Team owner Wayne Taylor told Sportscar365 today that he'd forfeited the automatic 24 Hours of Le Mans LMP2 entry that Wayne Taylor Racing won from their TUDOR United SportsCar results last year. Preparing a class-legal LMP2 to run would spread the team too thin when they're focused on this year's TUSC season.

The team currently runs a Daytona Prototype in the United SportsCar series, which isn't legal to run in the 24 Hours of Le Mans. To accept the entry, they would have to prepare an LMP2, which is a completely different kind of car.

Wayne Taylor had this to say of the decision to Sportscar365:

It's obviously disappointing because Le Mans is such a big part of my and my family's life. But in all honesty, my focus has to be on the TUDOR Championship here, with all of the support we have from Chevrolet and Konica Minolta.

If we were running a LMP2 at the moment, this would have been a no-brainer. But to be running our car here, finding another car over there, bringing my crew over who hasn't ever worked on one of those cars and the testing needed, it just didn't make any sense to do it.

I left it until the last minute to see if there were any possibilities. But I've just got to focus on what we have here at the moment.


Taylor claimed that the budgets kept getting "bigger and bigger" to run a chassis from a supplier such as ORECA or Onroak Automotive, so they opted not to go for it this year.

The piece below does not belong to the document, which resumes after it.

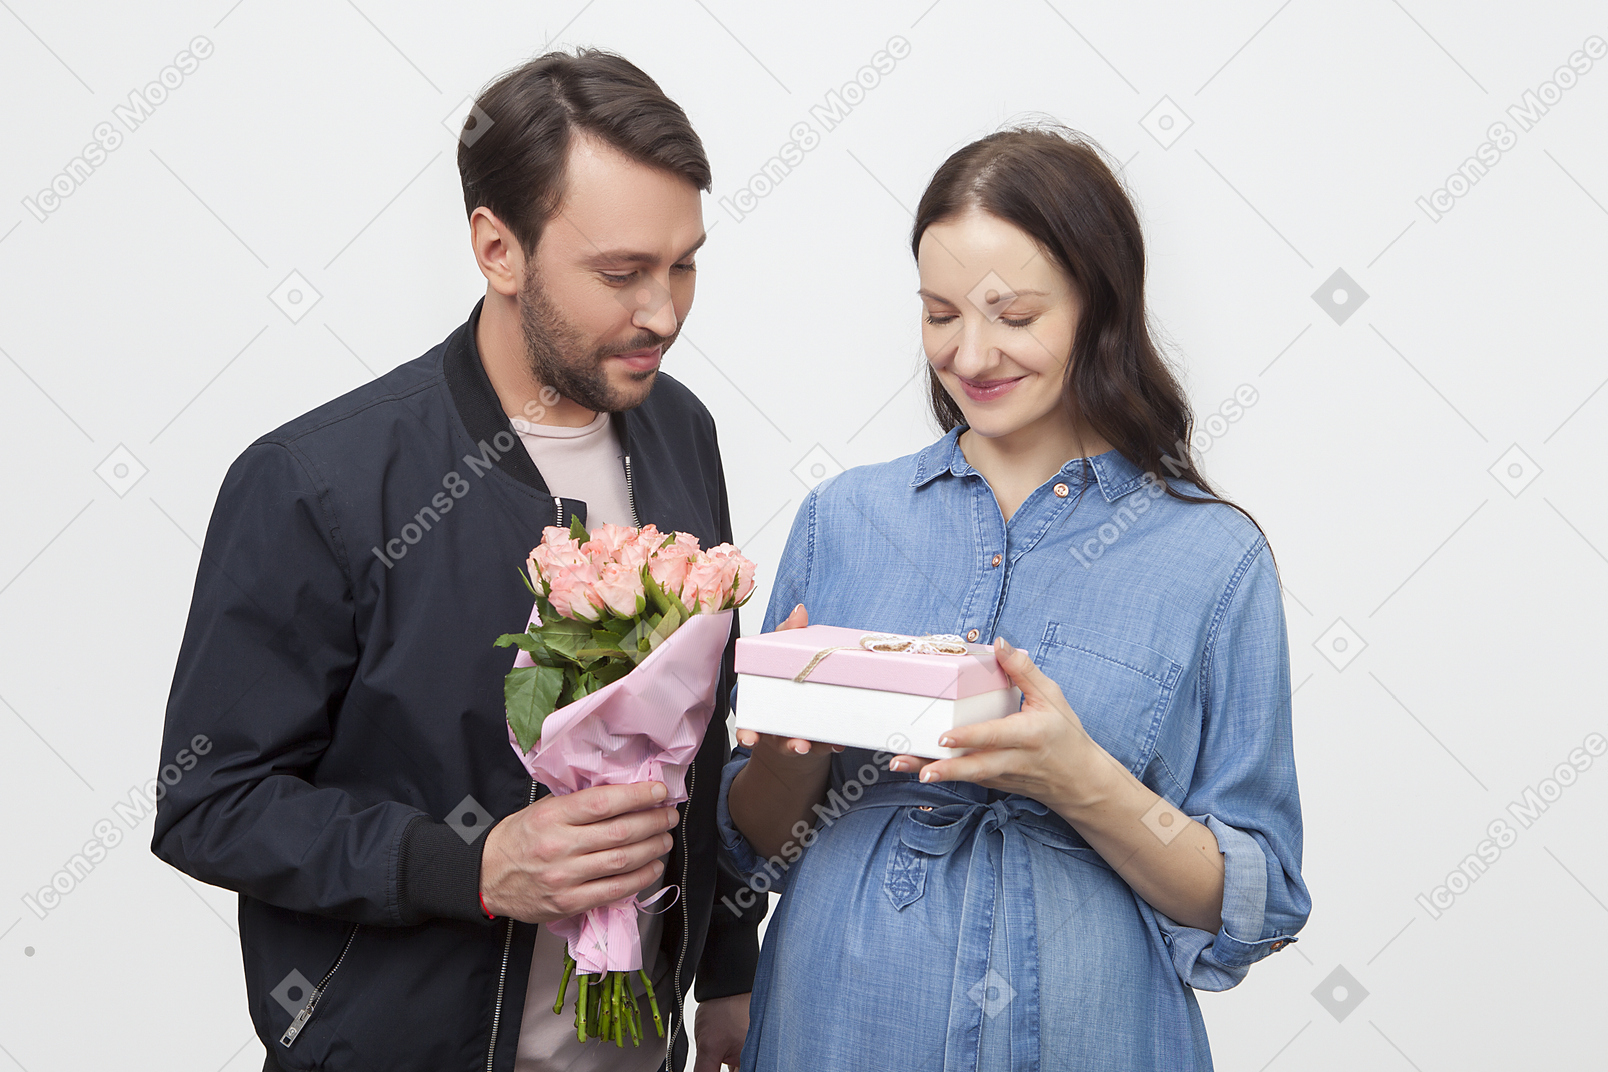 Man presenting gift and flowers to his wife

It makes sense that they'd want to pass on an entry if they feel like they wouldn't have a good chance at winning against teams that have more experience with the more modern LMP2 cars. Even teams who have entered them in TUSC were struggling last weekend to make them reliably quick. Jumping into a new race car is a huge time, money and personnel commitment. Not having the resources to do it right would definitely affect the team's ability to win in United SportsCar as well.

Scuderia Corsa won the other automatic invite from IMSA's United SportsCar series, and they have decided to field an all-American GTE-Am team for their Ferrari 458 led by Townsend Bell and Bill Sweedler.


This isn't to say the Taylors won't be at Le Mans. Jordan Taylor will be racing for Corvette Racing again in GTE-Pro, and Ricky Taylor is reportedly in talks with several teams for a drive as well.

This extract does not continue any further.